THE TASK
The lines to be extracted begin at the line containing "خواطر اسلامية بالصور" and end at the last line of the data below; copy them exactly and leave out the pictures.

DATA BELOW
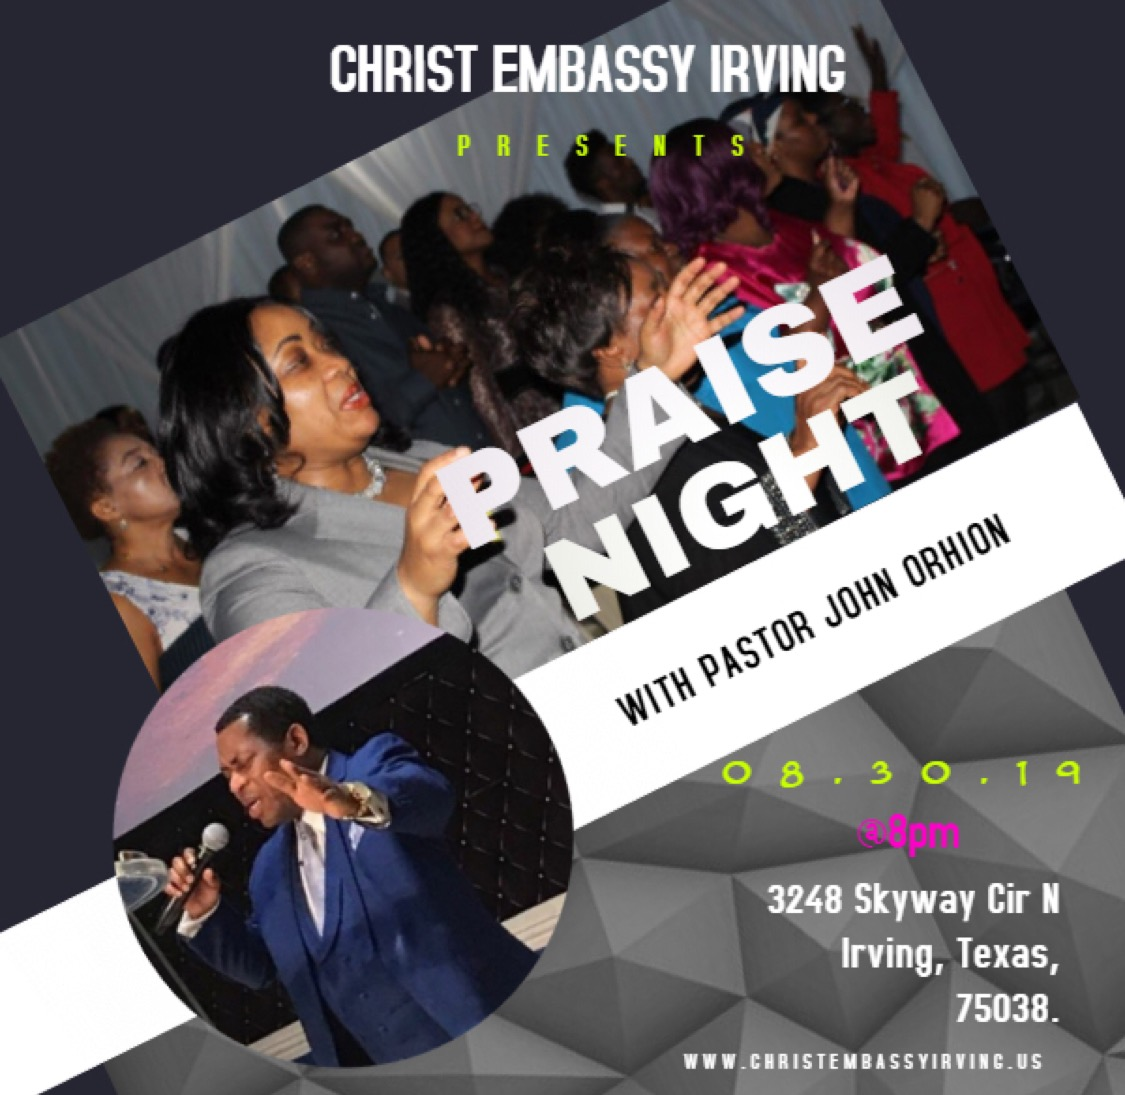 Praise Night with Pastor John
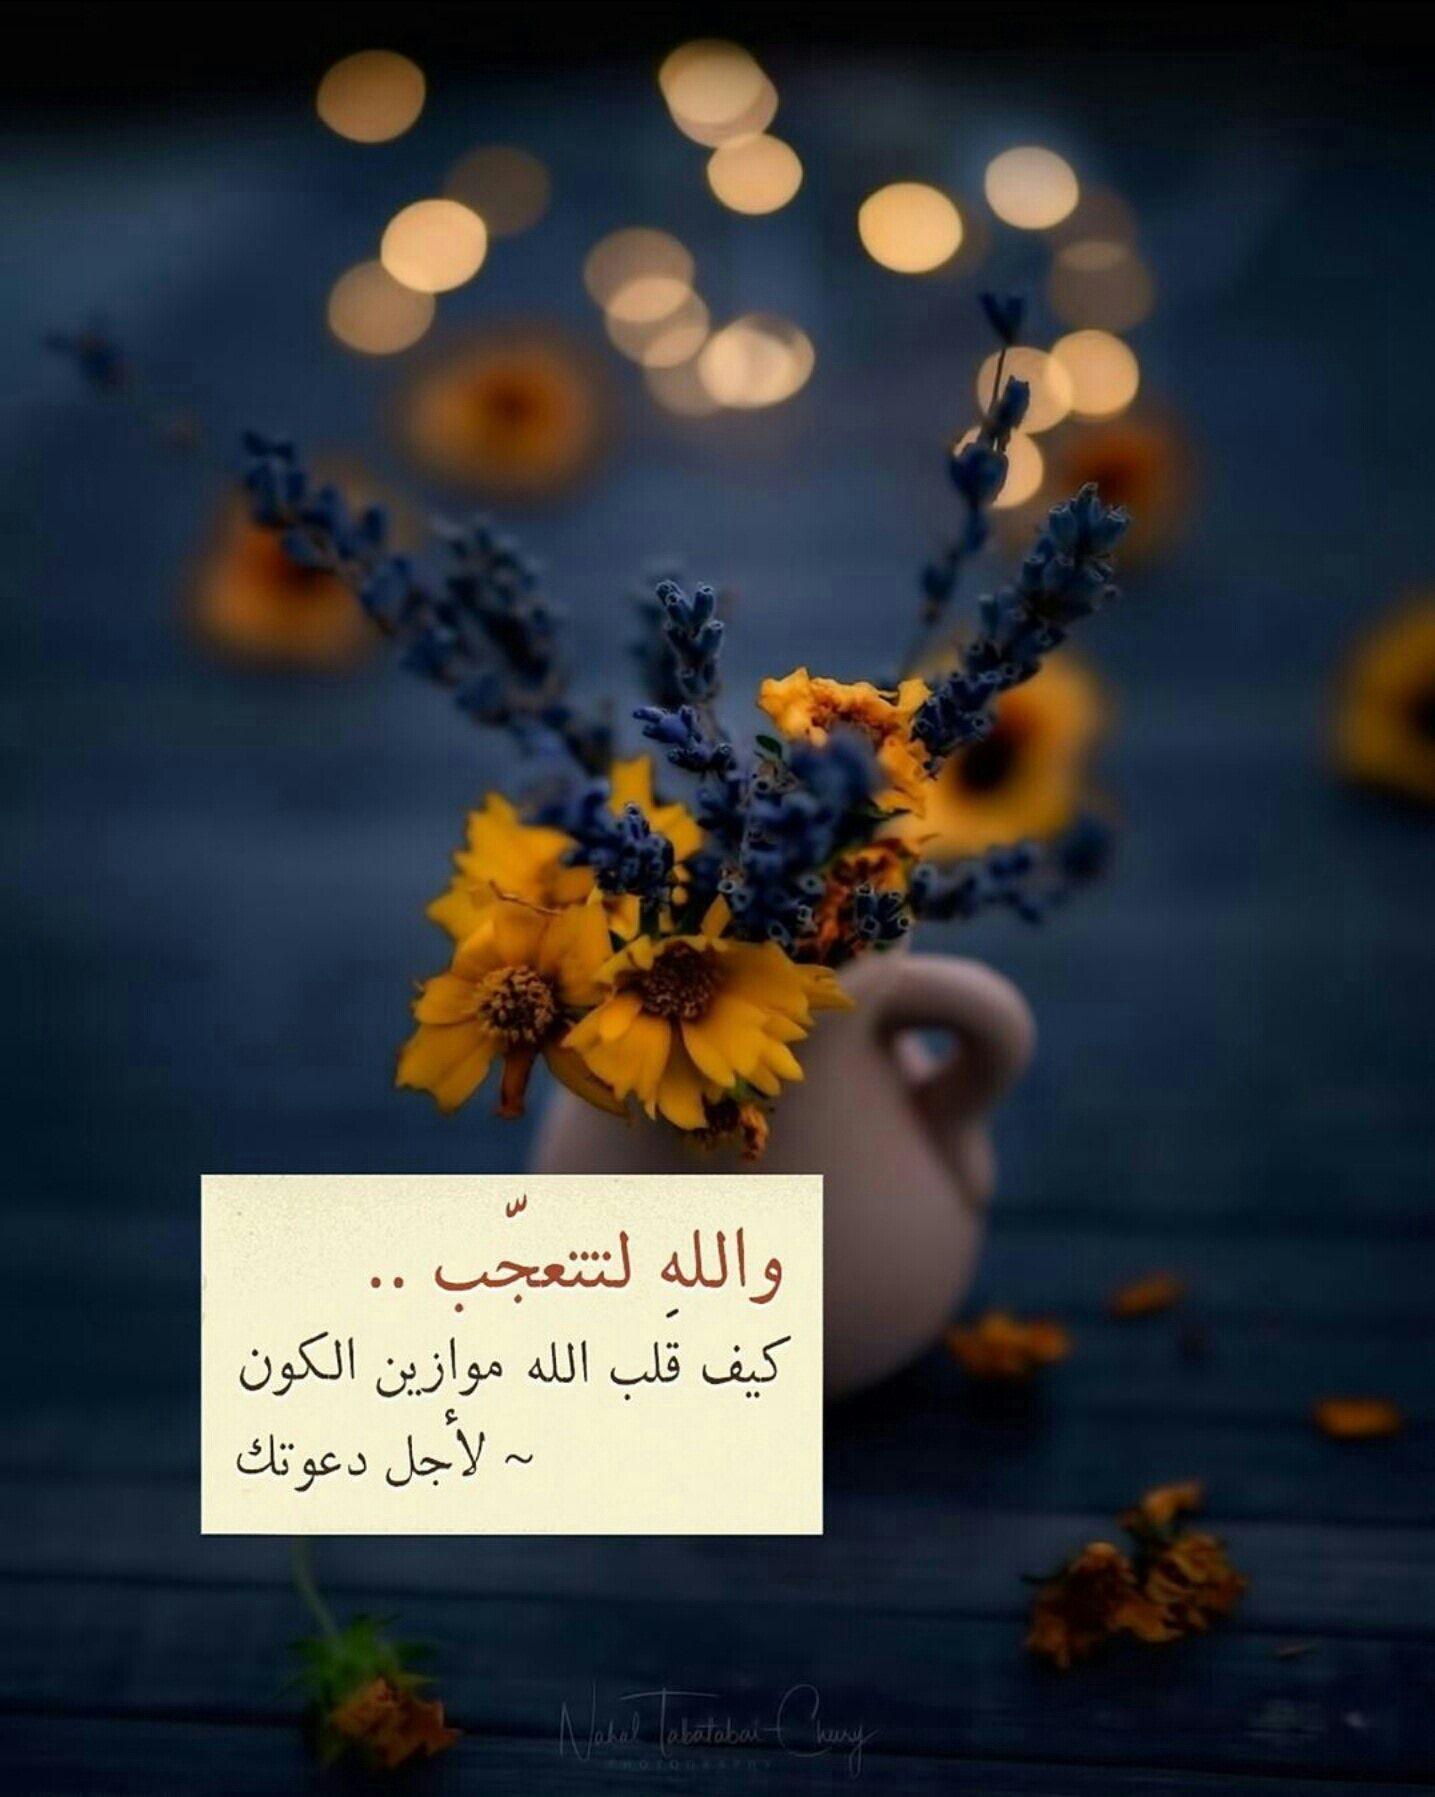 خواطر اسلامية بالصور Islamic Quotes Wallpaper Quran Quotes Inspirational Islamic Quotes Quran
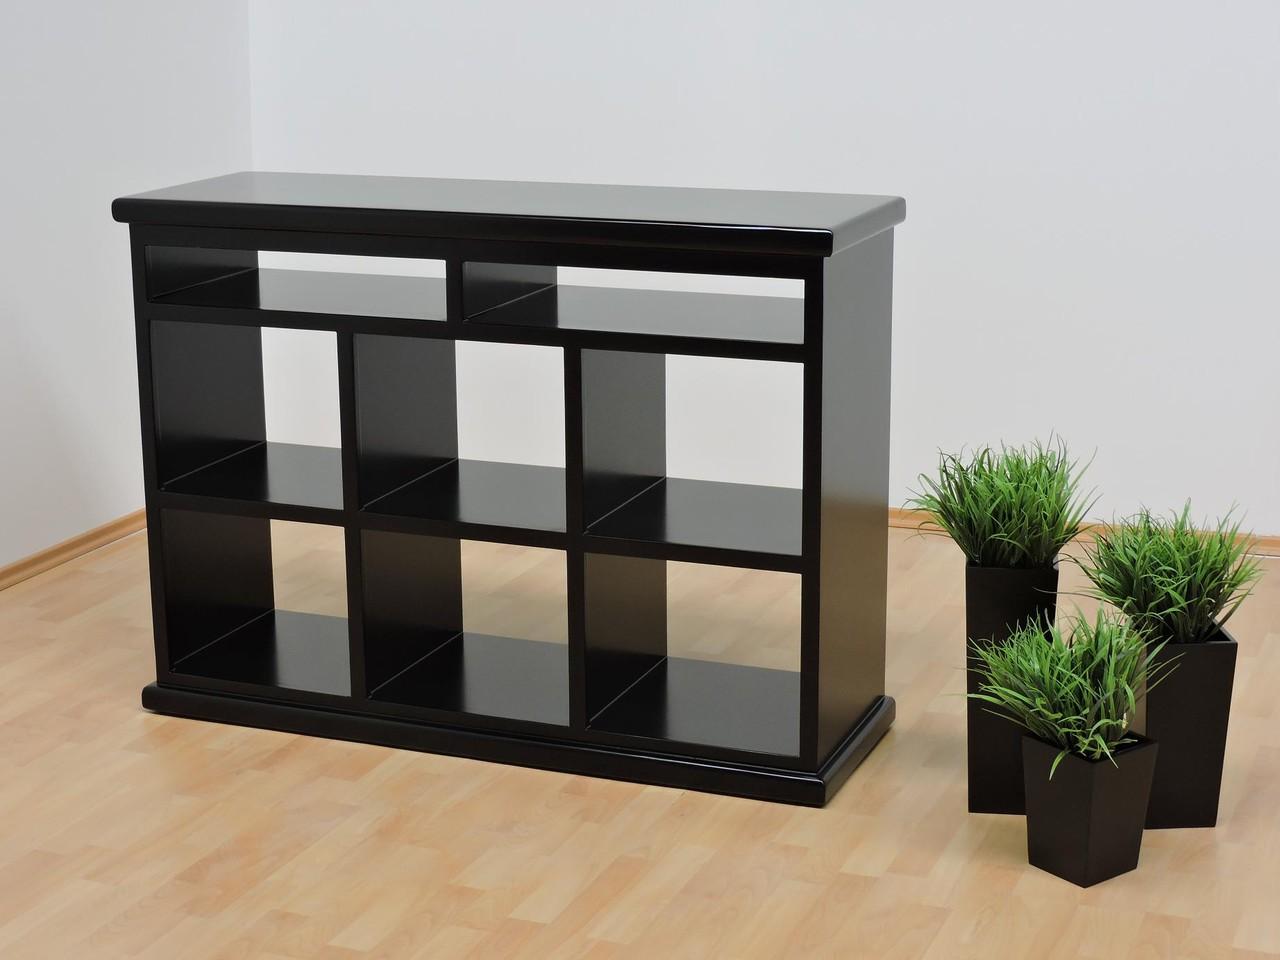 Mesas para television muebles gm muebles de madera for Modelos de muebles para televisor

OUTPUT
 خواطر اسلامية بالصور Islamic Quotes Wallpaper Quran Quotes Inspirational Islamic Quotes Quran
 Mesas para television muebles gm muebles de madera for Modelos de muebles para televisor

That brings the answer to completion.